Basically, I don't want to think about the knife. It should disappear into my hand and become one with my thoughts. I like the feeling of zen I can achieve while working. A properly ground knife can make that much easier to attain.


----------



## Don Nguyen (Mar 21, 2012)

ThEoRy said:


> What you want is for it to look flat to the eye, but actually has a slight curve to it. This makes for a smoother cutting action without it feeling like it's slamming into the board with a sudden halt. Just one user's opinion but I feel pretty strongly about it.
> 
> I want the knife to be an extension of my thoughts. A seamless transition from thought to action. I like my mind to be the tool, rhythmically guiding the steel. Any interruption in that thought process is a mental roadblock to me. Over time frustration builds until I find the knife is unusable.
> 
> Basically, I don't want to think about the knife. It should disappear into my hand and become one with my thoughts. I like the feeling of zen I can achieve while working. A properly ground knife can make that much easier to attain.

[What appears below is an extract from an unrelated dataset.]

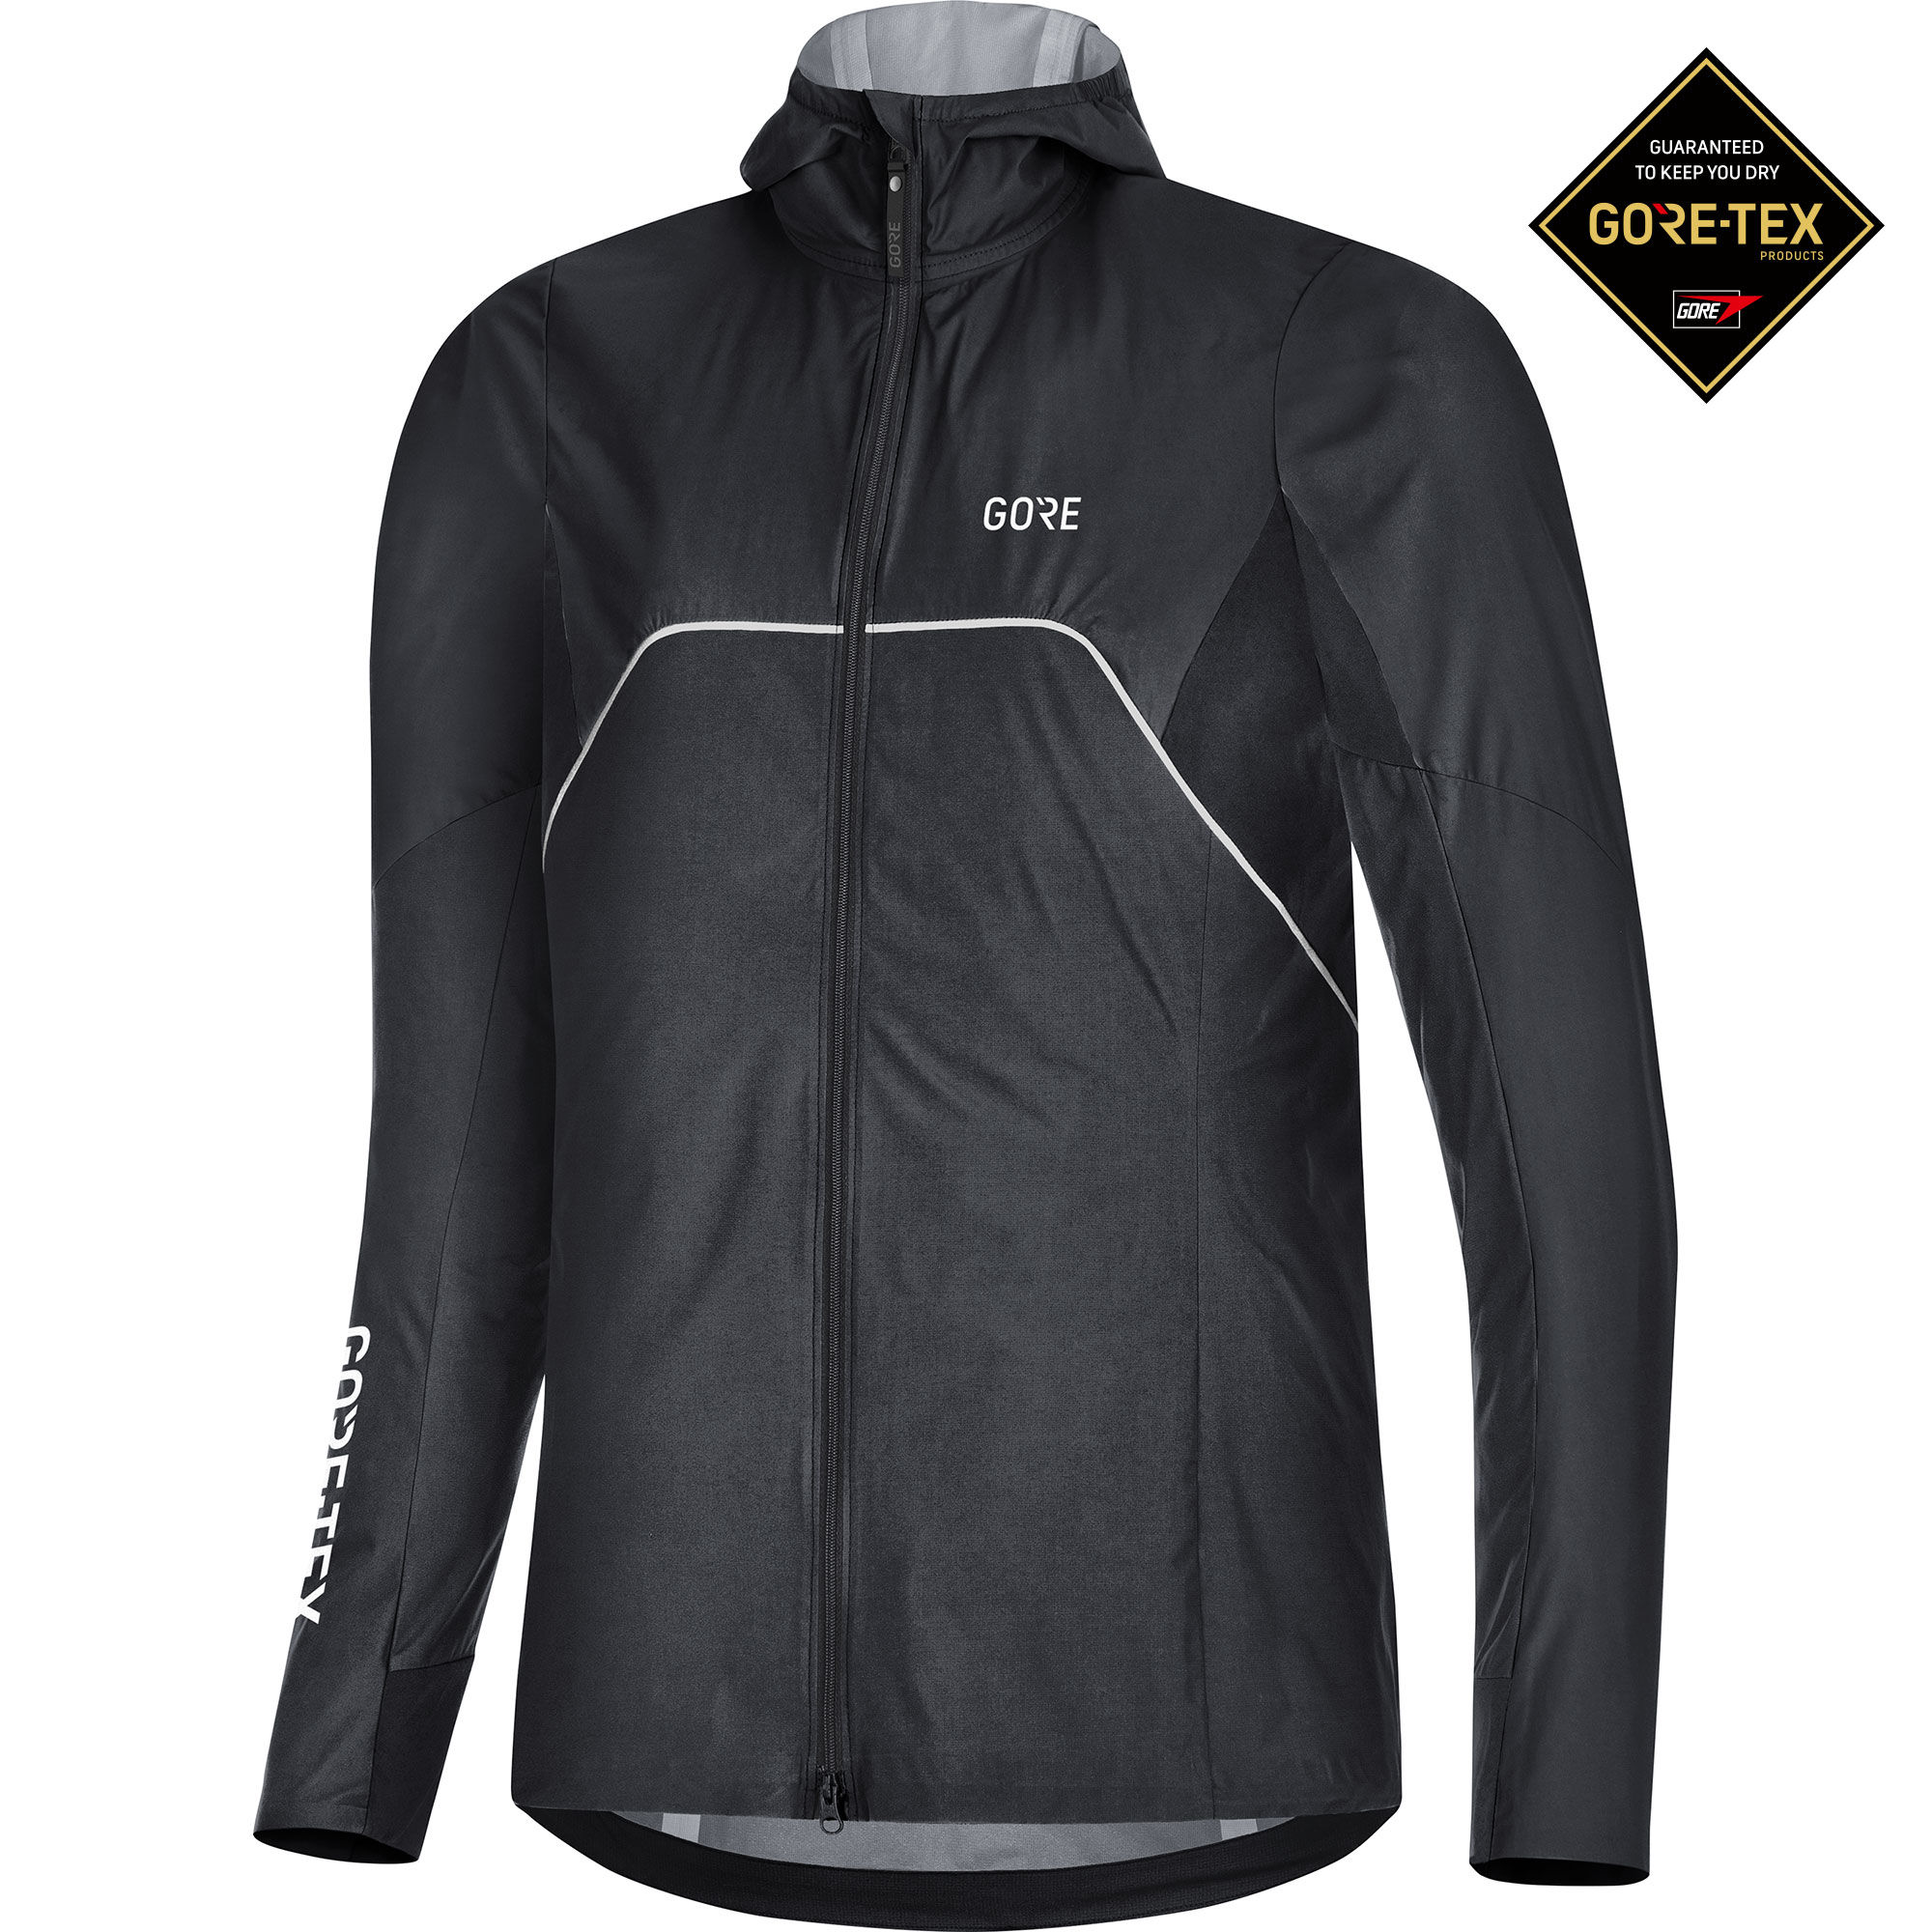 Gore Lady R7 GTX Shakedry Trail Jacket (Black)
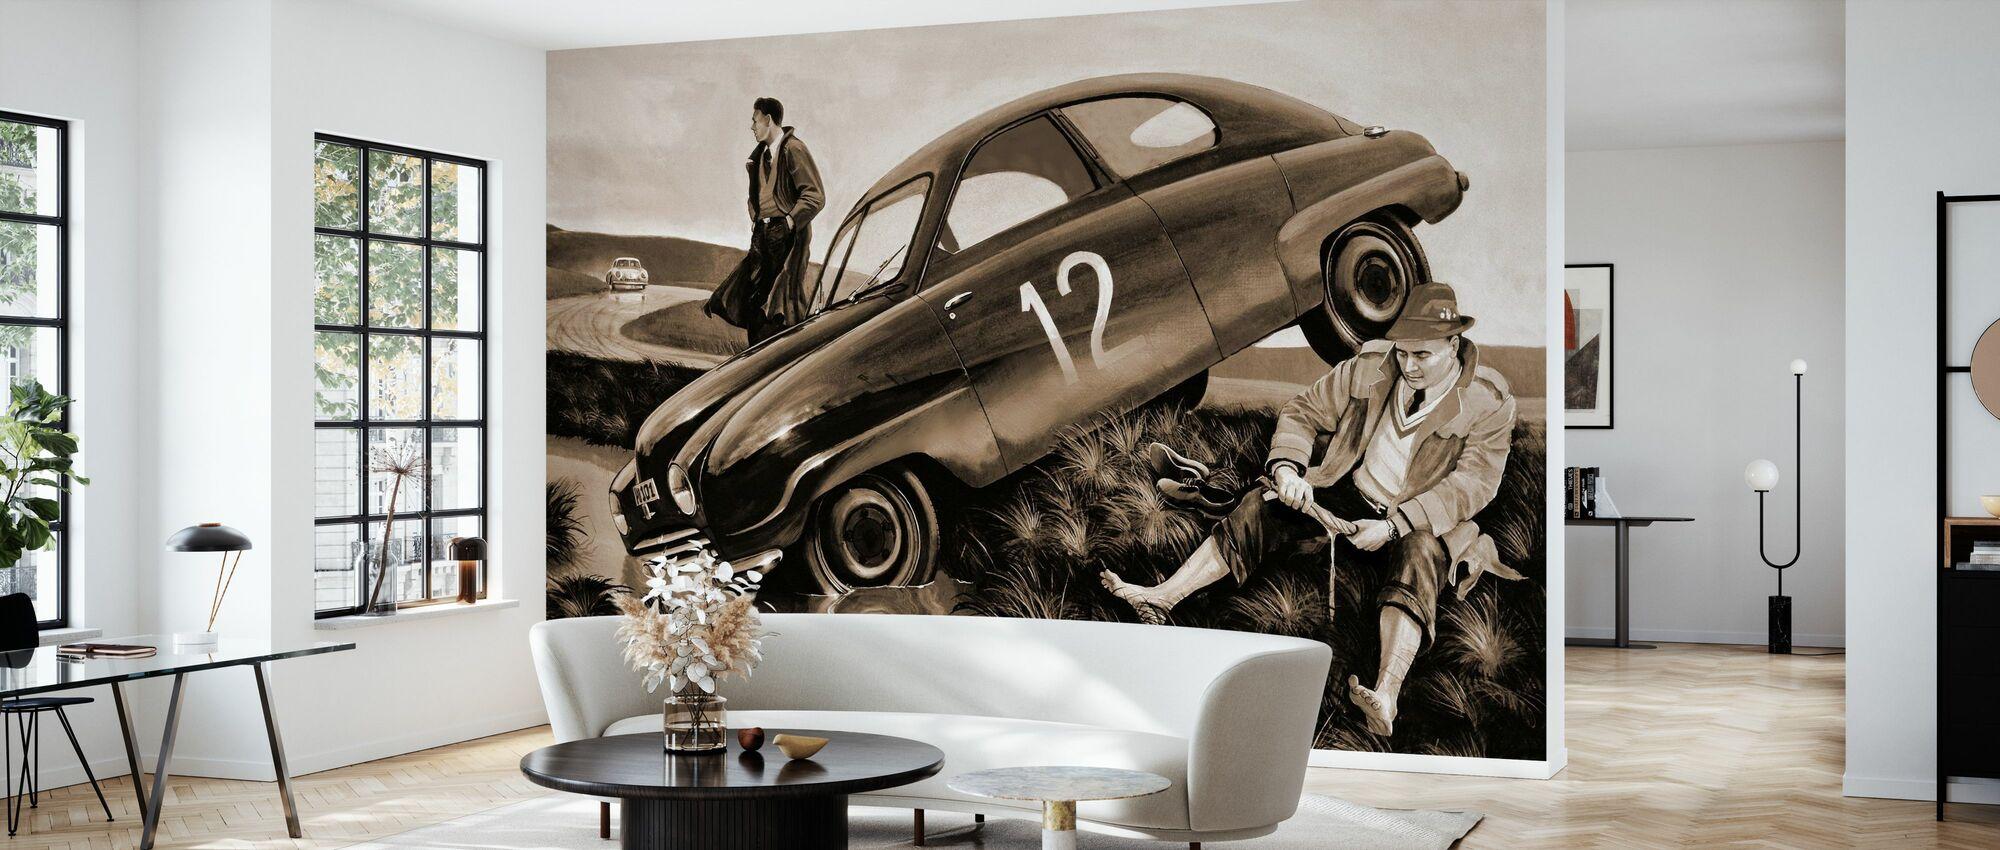 Carlsson Car Sepia - Wallpaper - Living Room

I get the idea, but I don't quite get it.

To make the knife disappear, what elements should it have? How can I modify this profile to make it so it fits your description (seem straight but have a slight curve).

I'm going to raise the tip up a smidgen for some belly and chop off 10mm from the bottom for now, and see how that works.


----------



## ThEoRy (Mar 22, 2012)

It should be smooth and non jarring upon contact with the board. Anything that makes me realize the knife is there and working against me is counter intuitive. Instead of having 4" of dead flatness, bring the heel up like 1 or 2mm (I don't know the exact measurement it should be over that distance) over that 4 inches creating a minute curve. Think of looking at the horizon. It looks flat, but you know it isn't. Don't go less then 50mm height at the heel. That's about right for me anyway. I like a convex grind on the sides too for food release as it helps with the "thoughtlessness". As far as the tip goes, do what you like as long as it doesn't "bird beak" back down.

Hard to explain this stuff in words sometimes because they are the ideas and feelings of a user, albeit an experienced one, and not a maker. I hope I can explain myself clearly enough to be helpful.


----------



## Don Nguyen (Mar 24, 2012)

WildBoar said:


> Don, do not be shy about asking if someone is willing to send you a knife to study, measure, trace, etc. Even better, see if you can borrow 5-6 different ones (of a similar length) for comparison. There are a few KKF members in your area, so you may be able to look over a collection or two, and not even need to mess with UPS, USPS, etc.



I've been hesitant to try something like this, because I'm too scared to handle other peoples valuable possessions.

*However, I really would like to handle some profiles in person, and if anybody would be willing to trace out their favored profiles on various materials and send to me, I would be infinitely grateful for your time.*


----------



## Don Nguyen (Mar 24, 2012)

Even a scan of your knife will help me greatly


----------



## Don Nguyen (Mar 28, 2012)

Bottom one is the new profile.


----------



## Eamon Burke (Mar 28, 2012)

I like it Don


----------



## El Pescador (Mar 28, 2012)

+1


----------



## Andrew H (Mar 28, 2012)

Very nice. What did you end up basing it on?


----------



## Don Nguyen (Mar 28, 2012)

Thanks guys.

I wasn't really using any one single knife for reference. I just sat down for a few hours and played around with the angles and curves. If I had to say, Masamoto was probably the biggest influence.


----------